Following a rash of window opener jobs I decided to try and find a quick, easy, inexpensive and efficient solution for most windows. I have developed an opener that in many cases allows for the job to be completed in a single visit of less than 30 minutes.
The big problem that panel members encounter when trying to make window openers is when the locking button is offset from the centre line of the handle. Most UK double glazing manufacturers use a standard mounting for their handles. I must say that this came as some surprise to me but it has created the opportunity for this simple opener.
By replacing the existing offset button handle with a straight one the task becomes much easier. The window remains easy to open for regular users.

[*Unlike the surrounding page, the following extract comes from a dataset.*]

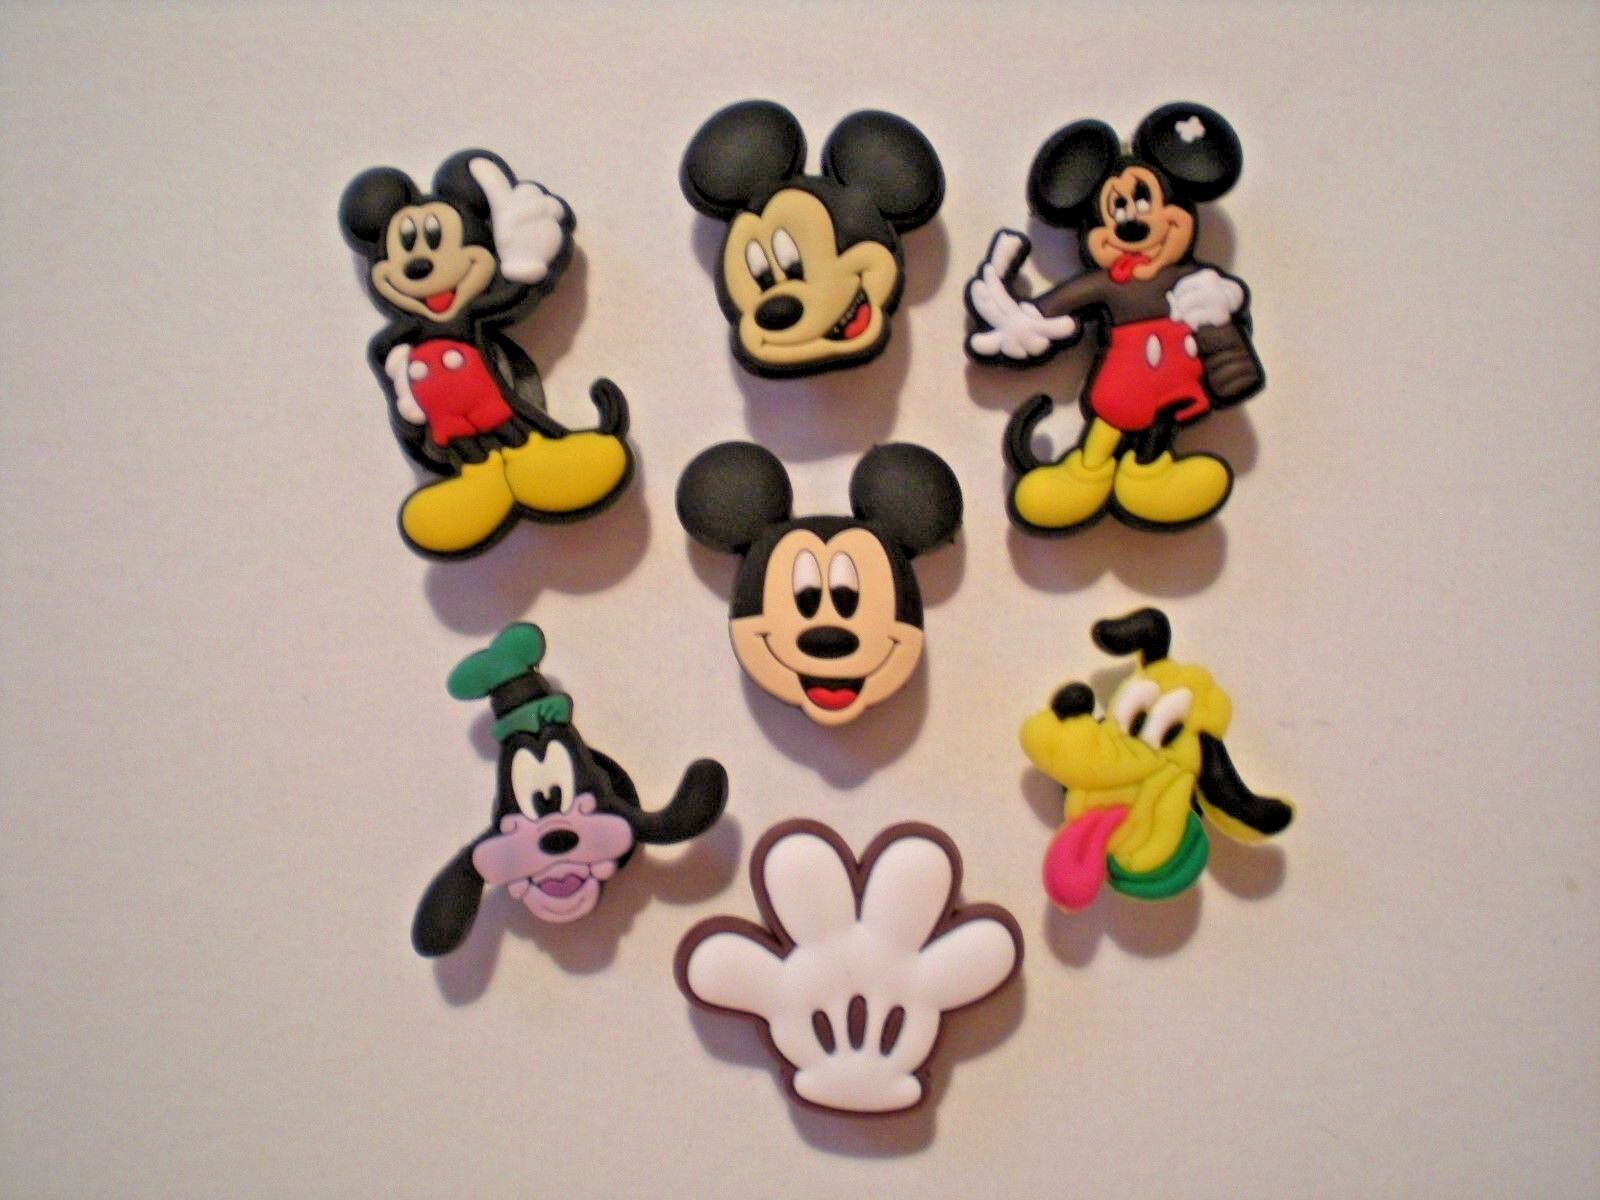 Clog Shoe Plug Button Charms Fit Bracelet Accessories Mickey Mouse

After several unsatisfactory attempts (too heavy, too complicated, too expensive….) I discovered that I could manufacture an opener by using off the shelf plastic pipe fittings with one minor modification.
The widow opener solution consists of a new handle some 21.5mm solvent weld pipe and three connectors available nationally from Screwfix for a total of £7.00.
One metre of 21.5mm waste pipe. ( cut 40, 80,80, 800 )
Two ‘T’ connectors
One 45-degree connector
One straight window handle (white, silver or gold)
One of the ‘T’ connectors needs to be modified as shown in the pictures below, by cutting a sloping ‘U’ shaped slot. This can be done by drilling a 12mm hole then using a Hacksaw and Stanley knife to finish.
Use a standard pipe cutter to cut the five pieces of pipe to length and assemble as per the pictures using the appropriate solvent cement.
On site modifications can be made before welding to accommodate length of reach or handle preference. For horizontal window handles just rotate the head through 90 degrees.
Hint: When replacing the handle open the original window handle and remove the bottom screw first using the handle to push against. Then close and remove the top screw. Fit new handle in reverse order.
You might need to adjust the length of the new handle square shaft with a hacksaw to match the existing length.
To use the opener slip it over the handle lifting up so that the section above the ‘U’ depresses the locking button. The window handle can then be rotated. Note that once the handle has rotated by 5 degrees it is no longer necessary to continue to depress the button nor is it necessary to press the button for closure.
I batch produced five kits of parts today and it took me less than 45 minutes.
Note: Although the lock is supplied with a key it really isn’t worth using the key as they are so generic any key will work. The great security advantage of having the depress to open lock is to prevent thieves opening a large window using a loop of wire or stick through an open small top window.